7. For the other way with 1,a,a^2 etc.:

check N/1,N/a,N/a^2, etc. until you reach a point where the withdrawal works.

let N/a^(k+1) <= l < N/a^k.

Once you get this N/a^(k+1) (call this l'), just use this instead of finding out l exactly.

Days required, D = (k + 1) + N/l' - 1 = k + N/l'.

l/l' <= a. So N/l' <= Na/l = ax.

So D <= logx/loga + ax.

a can be taken as any arbitrarily small constant (strictly more than 1 of course, say 1 + epsilon), for constant a the second term clearly dominates.

So we can come arbitrarily close to a factor of 1 in x.

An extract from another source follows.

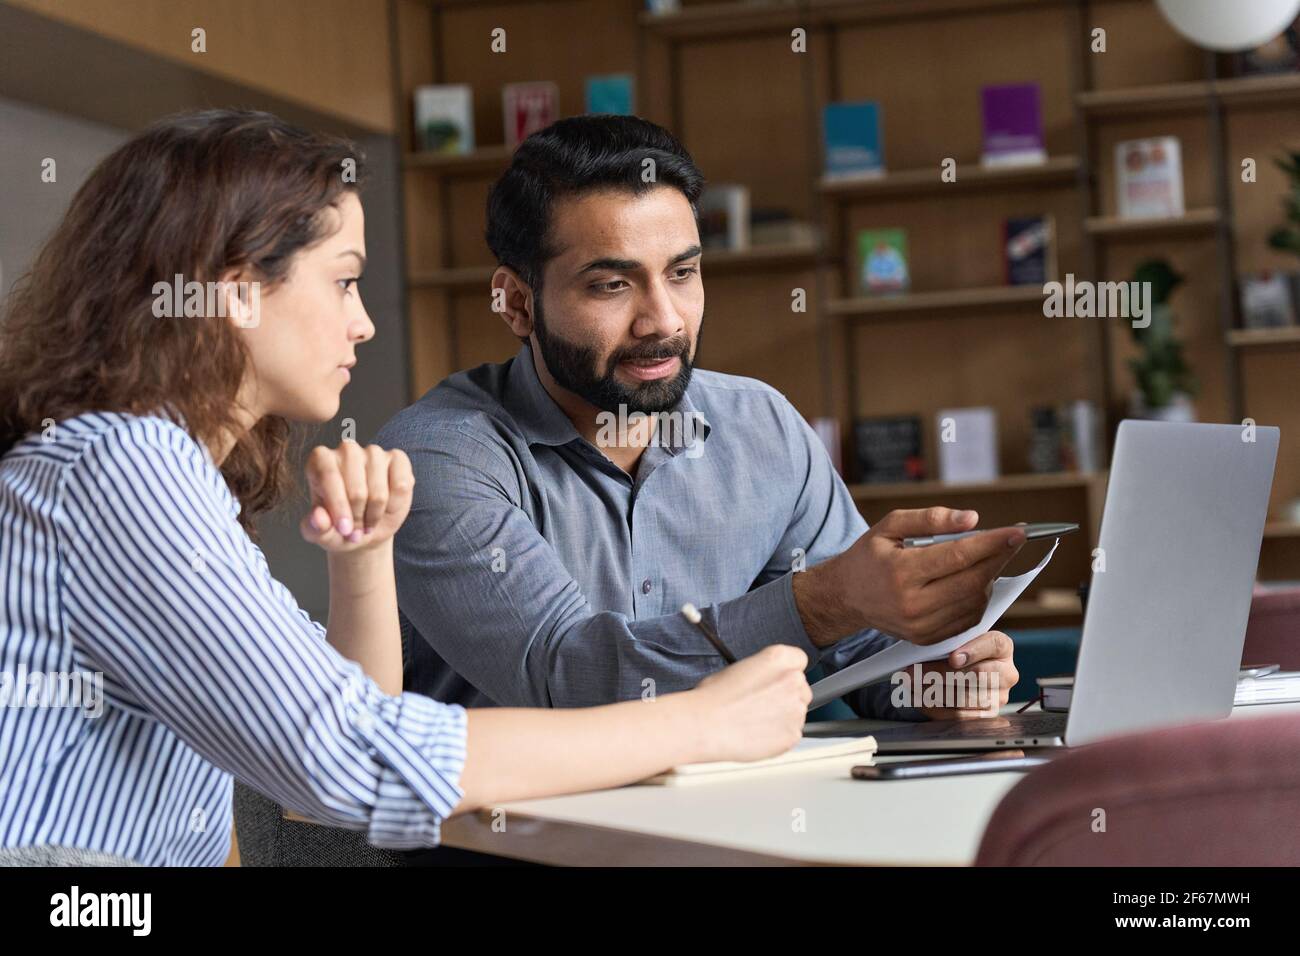 Insegnante o mentore indiano che aiuta lo studente latino, insegnando intern usando il laptop. Foto Stock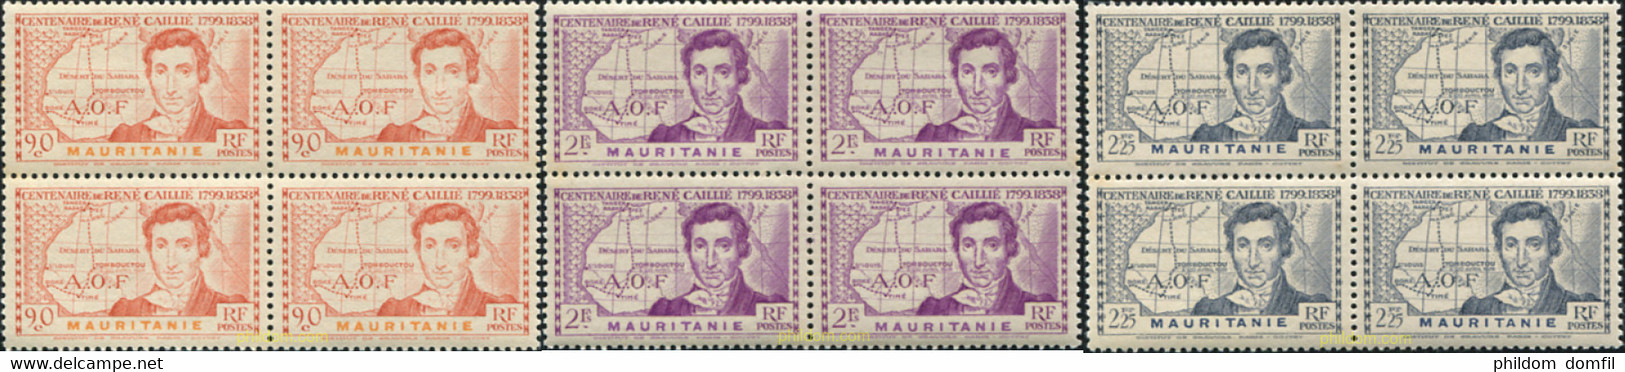 608273 MNH MAURITANIA 1939 1939 I CENTENARIO DE LA MUERTE DE RENÉ CAILLIE 1799-1838 EXPLORADOR Y NAVEGANTE - Used Stamps

8. I think the first task is to find the limit which can be found in log2(N) trials. It is also true that after this many trial I will already have at least limit money already with me.
For an example let N=100
limit = 10
1st try = 50(NS - No Success)
2nd - 25(NS)
3rd - 12(NS)
4th - 6(S- Success)
5th - 9(S)
6th - 11(NS)
7th - 10(S)
In 7 trials I know the limit and also I have 25/- already.
(100-25)/10 ~ 8 trials.
So, 15 trials.
No. of trials = log2(N)+ (N-limit)/limit.
Also, let a is the no of trials required, then a(a+1)/2 = N is the equation to be solved for the solution. a = (sqrt(1+8N)-1)/2

9. I really appreciate the kind of topics you post here. Thanks for sharing information that is actually helpful for me.

10. Interesting solutions. Thanks for providing better than mine. Can we prove which one is the optimal?

11. Let limit be l, amount to be withdrawn be N, N/l is say x and as it happens in most cases, l is greater than sqrt(N)

My solution: N - l + ceiling(x) -1

Solution by Nick:
log2(N) + ceiling(x-1)
[Nick's solution: using binary search algorithm to find the limit. So we can find the limit in log2(N). After finding the limit we can withdraw the sum in ceiling((N-limit)/limit) additional days. So altogether we will require log2(N) + ceiling((N-limit)/limit) days]

Solution by bose's diary:
log2(limit) +2*x-3
[Check 1, Check 2, Check 4, and so on, till you are refused by ATM Machine. So, in the worst case, you would have drawn "limit" amount and you would take log2 (limit/2) days.
The rest would be withdrawn in the worst case at limit/2. So, number of days: log2 (limit/2) +(N-limit)*2/limit = log2(limit) +2*x-3. There is a small error in the solution given by bose's diary]

12. I did not understand the question. How do you compare two strategies? For eg. N=2, strat1: Just withdraw 1 rupee. strat2: Try withdrawing 2 rupee, if yes then done, otherwise withdraw 1 rupee from next day.

So we have the comparison

---------- Strat 1 Strat 2
limit =1 days = 2 days = 3
limit =2 days = 2 days = 1

So which strategy is better? Strat 1 is better if we want the worst case scenario to be the best. Both strats are equal if we assume uniform probability distribution on limit and want minimum expected time. The situation becomes more complicated if we increase N, coz the number of strategies increases exponentially and how to compare two strategies is not so obvious at all.

1. The difference will appear when the number N is large. You should make the table longer and it will be clear.